I have a March 02 build and lately the clutch "poping" has become very noticable - only at slow speeds though.

Also, for those of us who aren't too familiar with clutch design, could someone provide a brief description of the issue? I would like to sound like I know what the problem is when I talk to my SA.

Thanks.


----------



## Salvator (Oct 14, 2003)

Drove my wife's 2003 525iT yesterday and noticed the pop... Happens when the car is cold, for the first few miles... Goes away, then was there again after it sat in the parking lot at work, went away again... I did not note the TSB # for this in this thread, anyone have any info on it? TIA! :thumbup:


----------



## RChoudry (Jan 13, 2002)

search under my name (RChoudry) and the clutch issue. Mine was a MArch/April 2002 build and well after the TSB dates and I had it replaced. If I remember, it was TSB 21 01 01 or 21 10 10.

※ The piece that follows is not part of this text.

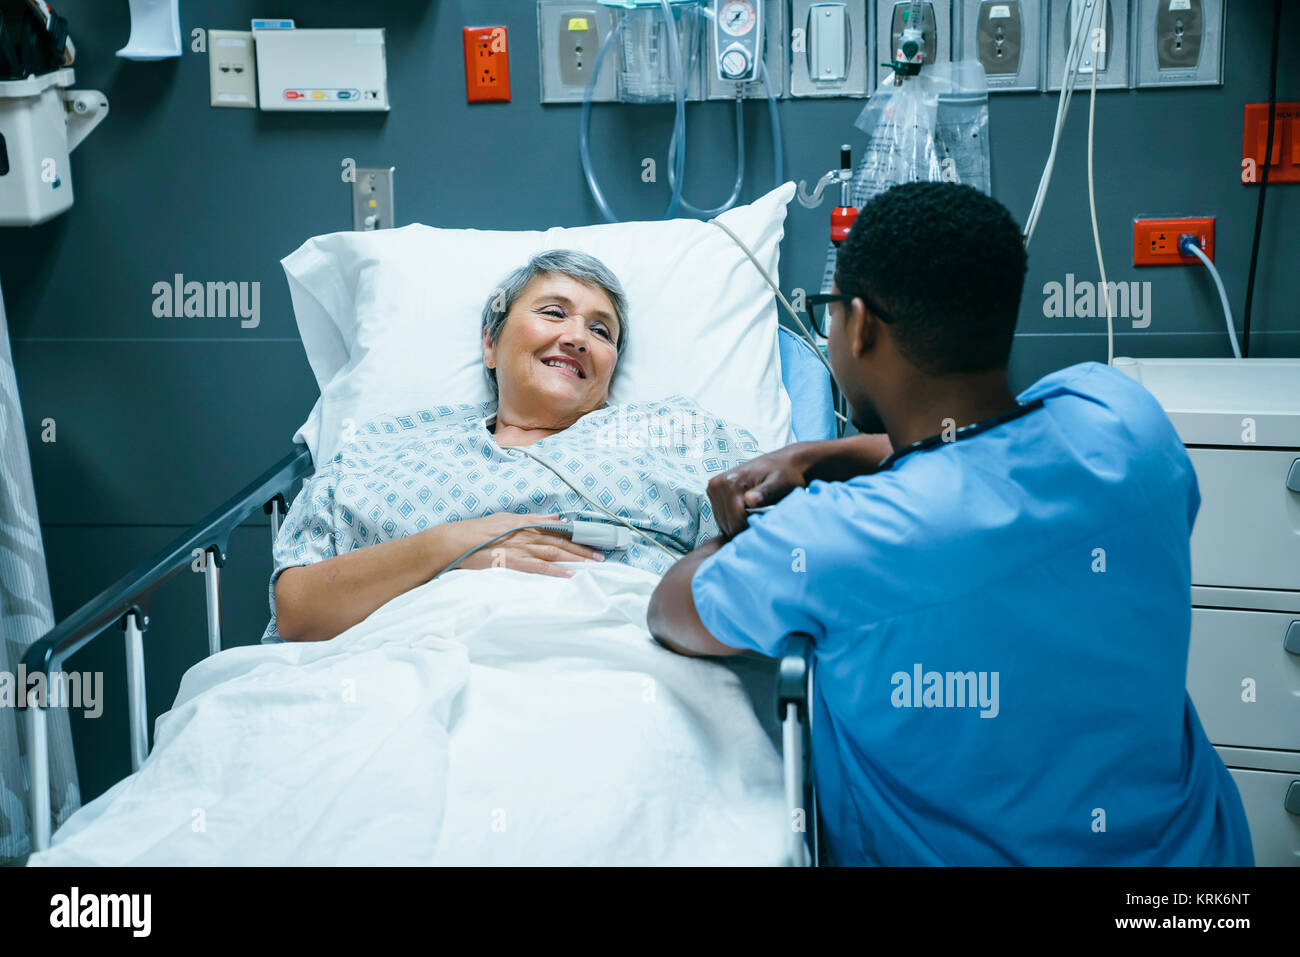 Nurse talking to patient in hospital bed Stock Photo

You can verify on ALLDATA.COM

Many of the mid 2002 e46's had this problem and it was a defective throw out bearing. Good luck getting any dealer to fix it now.

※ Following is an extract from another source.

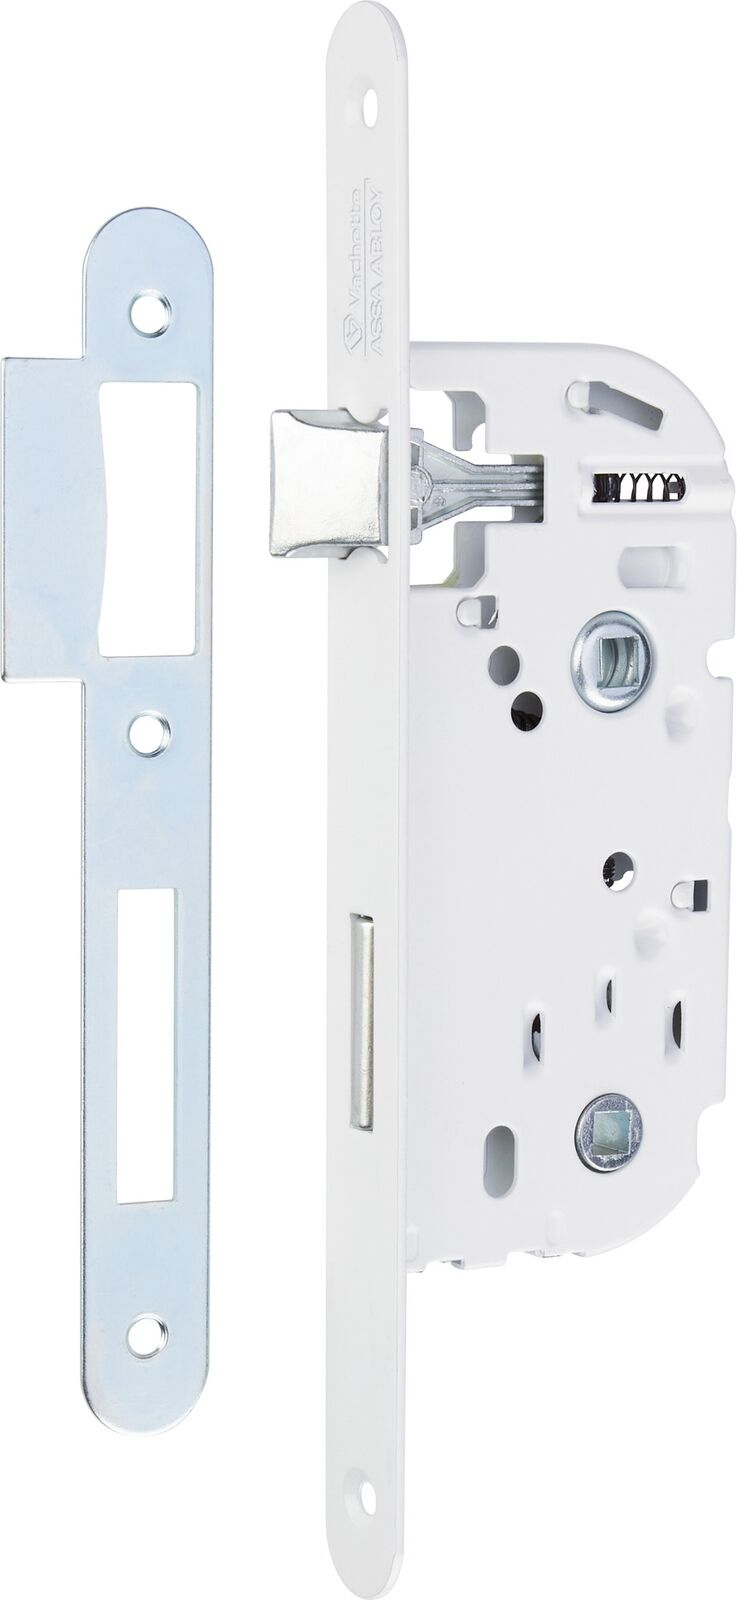 White mortice lock, 135 mm lock, 40 mm axis

Mine went at 500 miles!!!!! Replacement was perfect after that.


----------



## Salvator (Oct 14, 2003)

RChoudry said:


> search under my name (RChoudry) and the clutch issue. Mine was a MArch/April 2002 build and well after the TSB dates and I had it replaced. If I remember, it was TSB 21 01 01 or 21 10 10.
> 
> You can verify on ALLDATA.COM
> 
> ...


Thanks! I went out to Alldata and found it under the MY2002 listings for the E39 525iT:

210101 FEB 02 M/T - Popping/Clicking From Clutch Pedal

My wife's car is a 2003, built in late 2002, I beleive... We'll have to keep an eye on it and take it in if it keeps it up... of course, I asked her if it did it this morning and she said she forget to pay attention to it...  how can you not notice the pedal popping under your foot as you release it! :eeps: (If you ask me, I think she pops the clutch and overrevs anyway, probably why she doesn't notice it...)


----------